# Pioneer 141FD- Same old question



## Bob_99 (May 8, 2006)

While looking for a new amplifier I came across an opportunity to buy a Pioneer 141FD (not the best deal though) and have to act fairly quickly as there are only two left. I have seen this question posted many times with a lot of different opinions and after going back and forth I find myself still sitting on the fence without an answer.

My hesitation is that the technology is two years old and in electronics, that may as well be dog years. Panasonic has bought the Kuro technology and probably will incorporate it in their 2010 models and if all things stay the same, the price will probably be cheaper.
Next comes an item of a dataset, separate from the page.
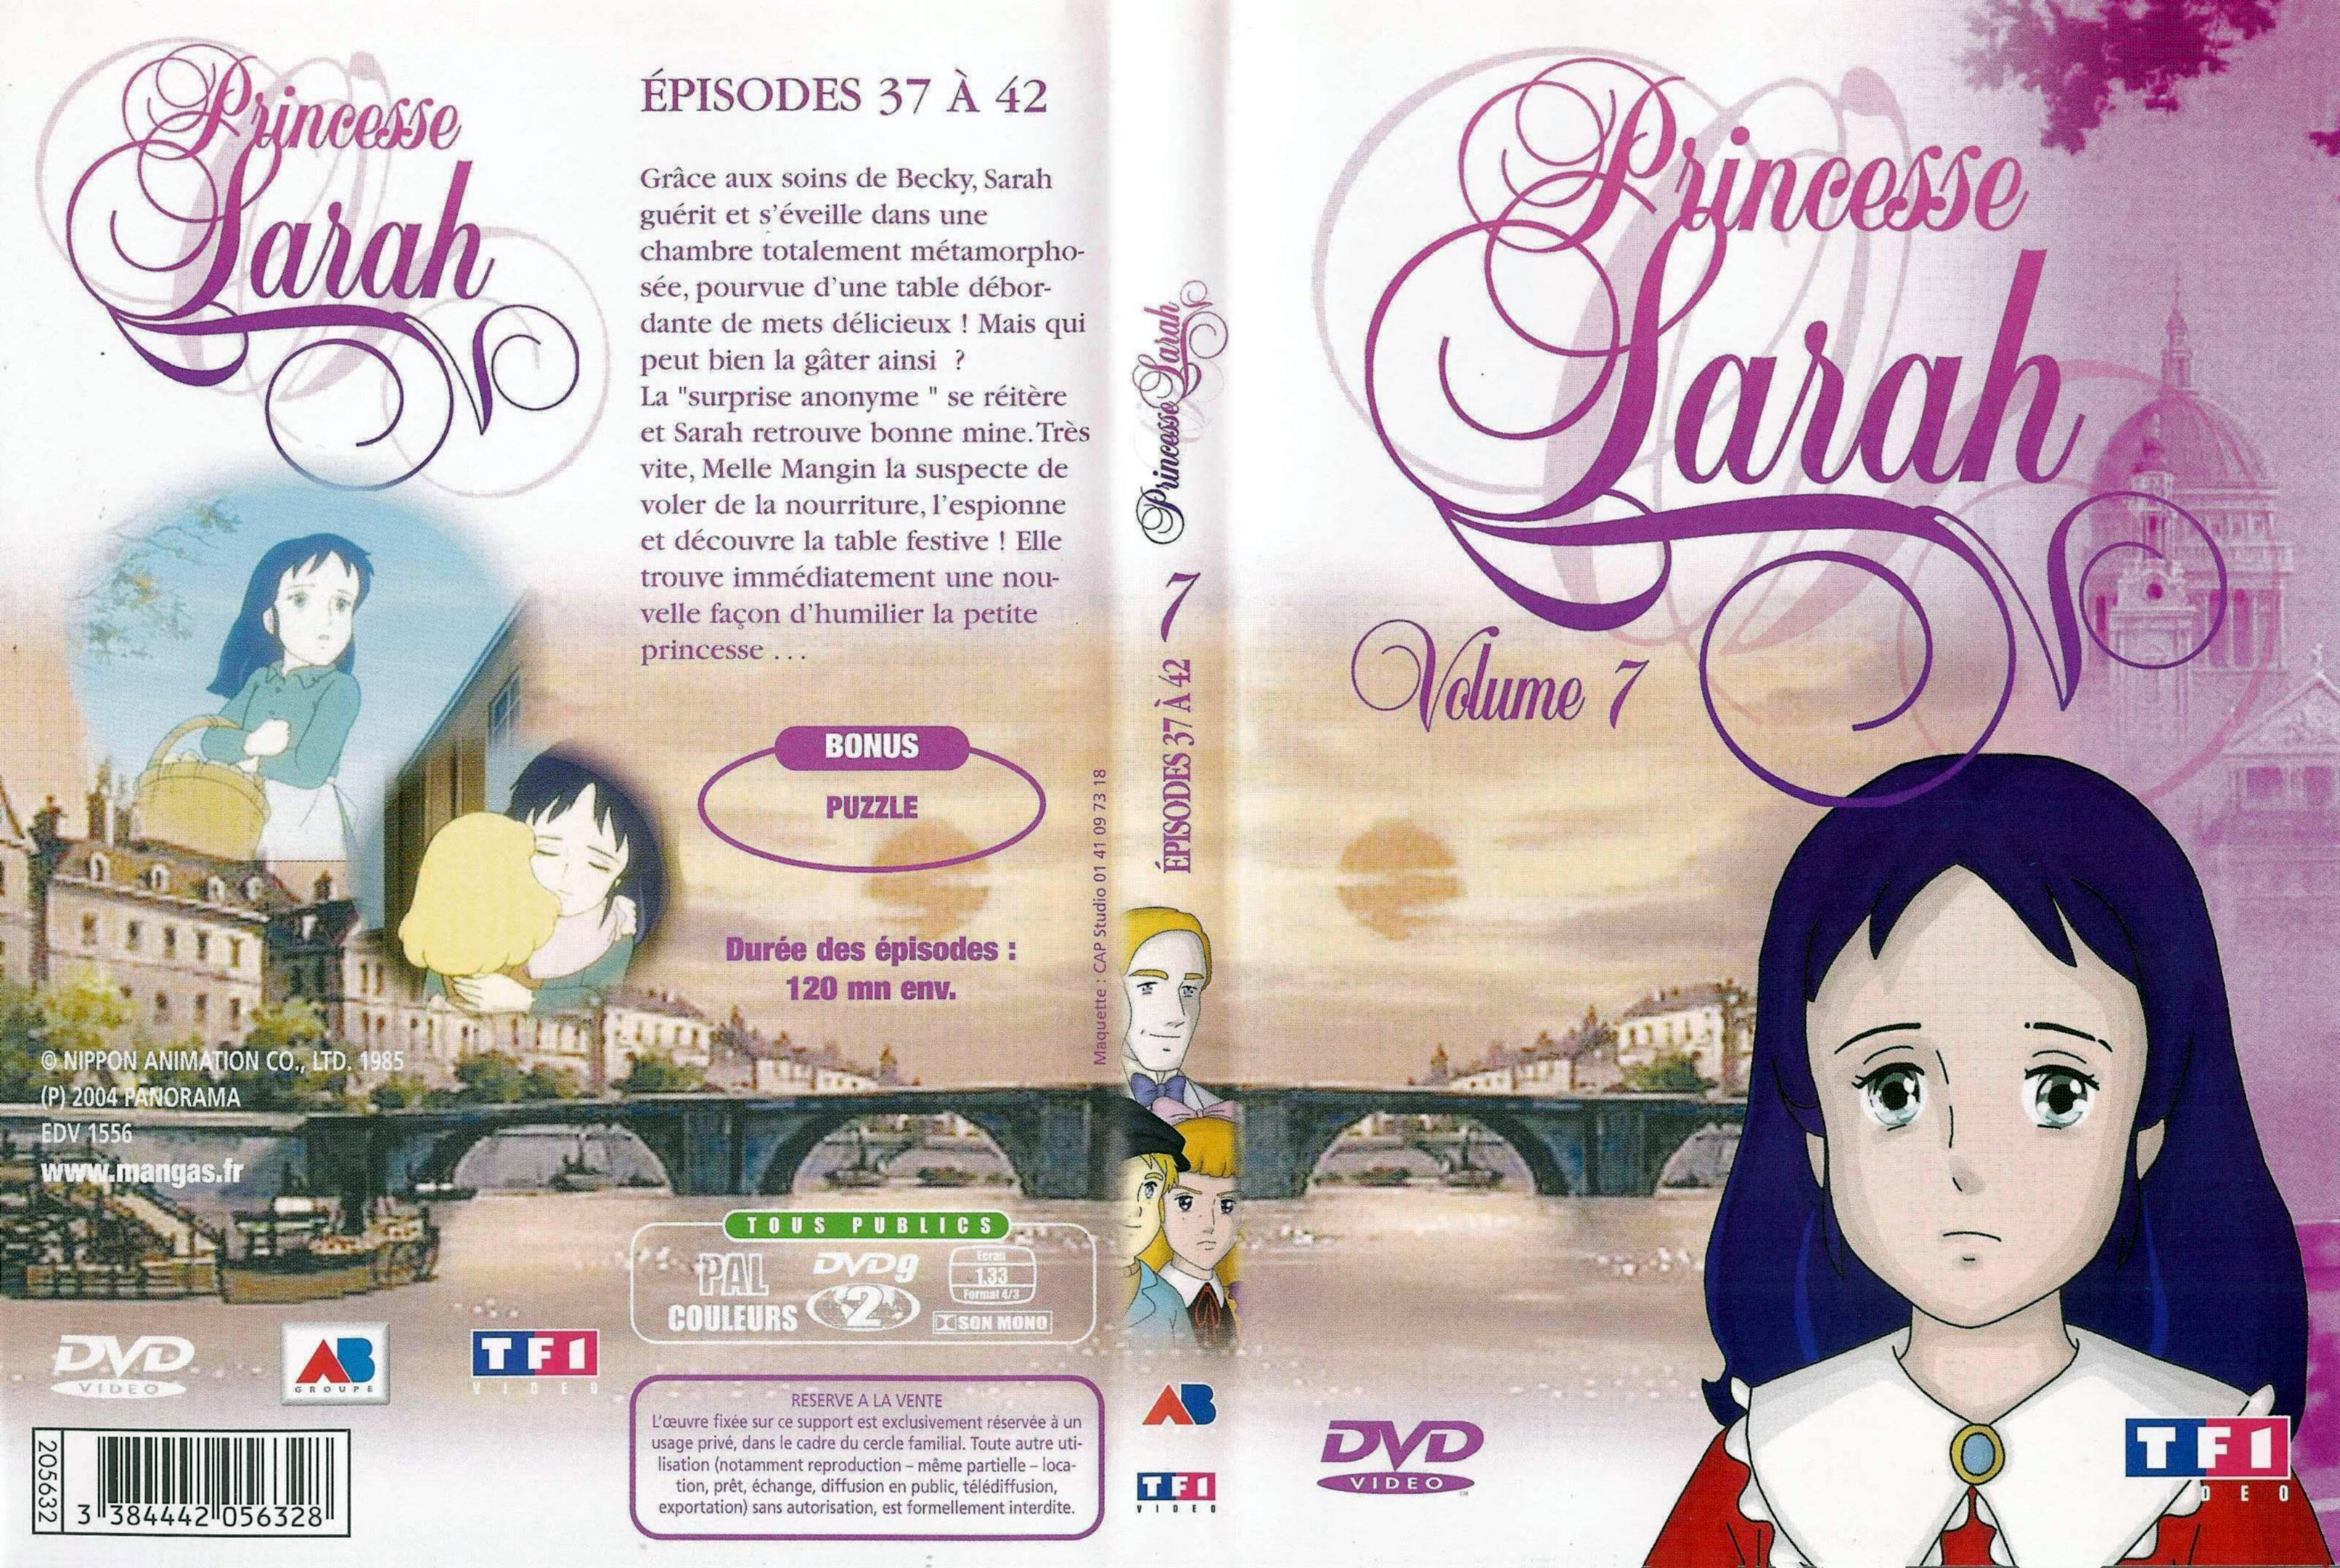 Jaquette DVD Princesse Sarah vol 7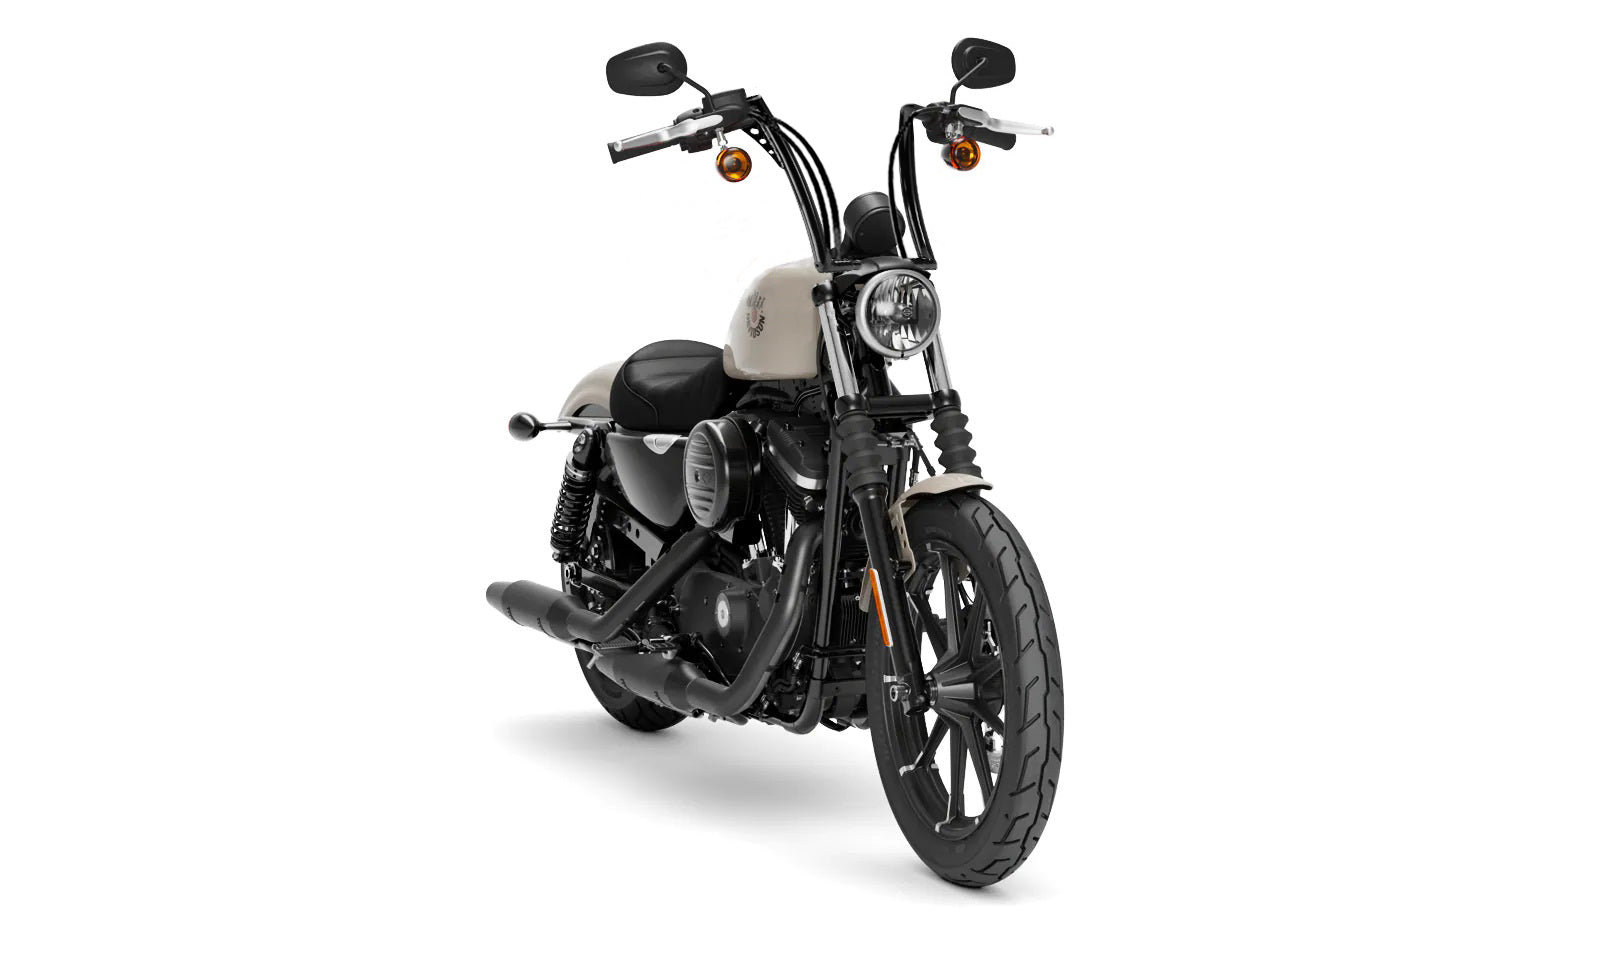 Viking Iron Born 12" Handlebar For Harley Sportster 883 Iron XL883N Gloss Black Bag on Bike View @expand

So, my question is, do I lay out a lot of cash for the 141, look for something for less money that comes close or wait until 2010?

Bob


----------



## mechman (Feb 8, 2007)

Buy a Mitsubishi DLP RPTV. You can get a lot more bang for your buck.


----------



## glaufman (Nov 25, 2007)

I don't know what you're being offered as a deal, but if it was a good discount from the original MSRP, and was new in box, not floor model, I might jump on it.
I think that's one of the best plasmas ever made, to this day beats some of what is being produced. Panny won't put the Pio tech in unless they can do it cheaper than Pio did, rather than suffer the same fate.


----------



## Bob_99 (May 8, 2006)

As a follow up, I just came back from looking at some Panasonics and the 65V10 would cost me $1000 less (The 141 is new and in a box). The 65V10 doesn't snap like the 141 but without showing the same material on both displays and not having them side by side makes it more of a mental comparison (and that's not the best in my case).

The Mitsubishi DLP RPTV is an interesting suggestion. There's a dealer not too far from where I looked at the 141 so I may pop in and take a look at them. Thanks for the suggestion.

Bob


----------



## glaufman (Nov 25, 2007)

Bob_99 said:


> but without showing the same material on both displays and not having them side by side makes it more of a mental comparison (and that's not the best in my case).


and without knowing that they've both been calibrated...


----------



## mechman (Feb 8, 2007)

Bob_99 said:


> The Mitsubishi DLP RPTV is an interesting suggestion. There's a dealer not too far from where I looked at the 141 so I may pop in and take a look at them. Thanks for the suggestion.


You can usually get a 65" DLP RPTV for the cost of a 46" LCD or plasma. Personally, I don't need the TV hanging on the wall and the extra 8 or 9 inches in depth is no factor. :T


----------



## BruZZi (Jul 21, 2008)

Bob_99 said:


> My hesitation is that the technology is two years old and in electronics, that may as well be dog years.


The Pioneer 9G Models have deeper black levels (especially the 500M and 101FD), better color accuracy, better video processing and many more picture controls (except the 5020/6020) compared to any current Panasonic 12G. 





> Panasonic has bought the Kuro technology and probably will incorporate it in their 2010 models and if all things stay the same, the price will probably be cheaper.



I second on what Glaufman said.

The KURO technology is very expensive to implement. So you won't see much of it in the upcoming 13G Panasonic Plasmas (at least not in the lower models).


.


----------



## Jon Liu (May 21, 2007)

I am going to agree, if you found a great deal on the 141, I would jump on it in a heartbeat. If money is still a factor and saving $1000 is what you are looking to do, just go with the Panasonic, but otherwise, as of right now, the Pioneer Elites are STILL among the best televisions and they are coming up on two years old now.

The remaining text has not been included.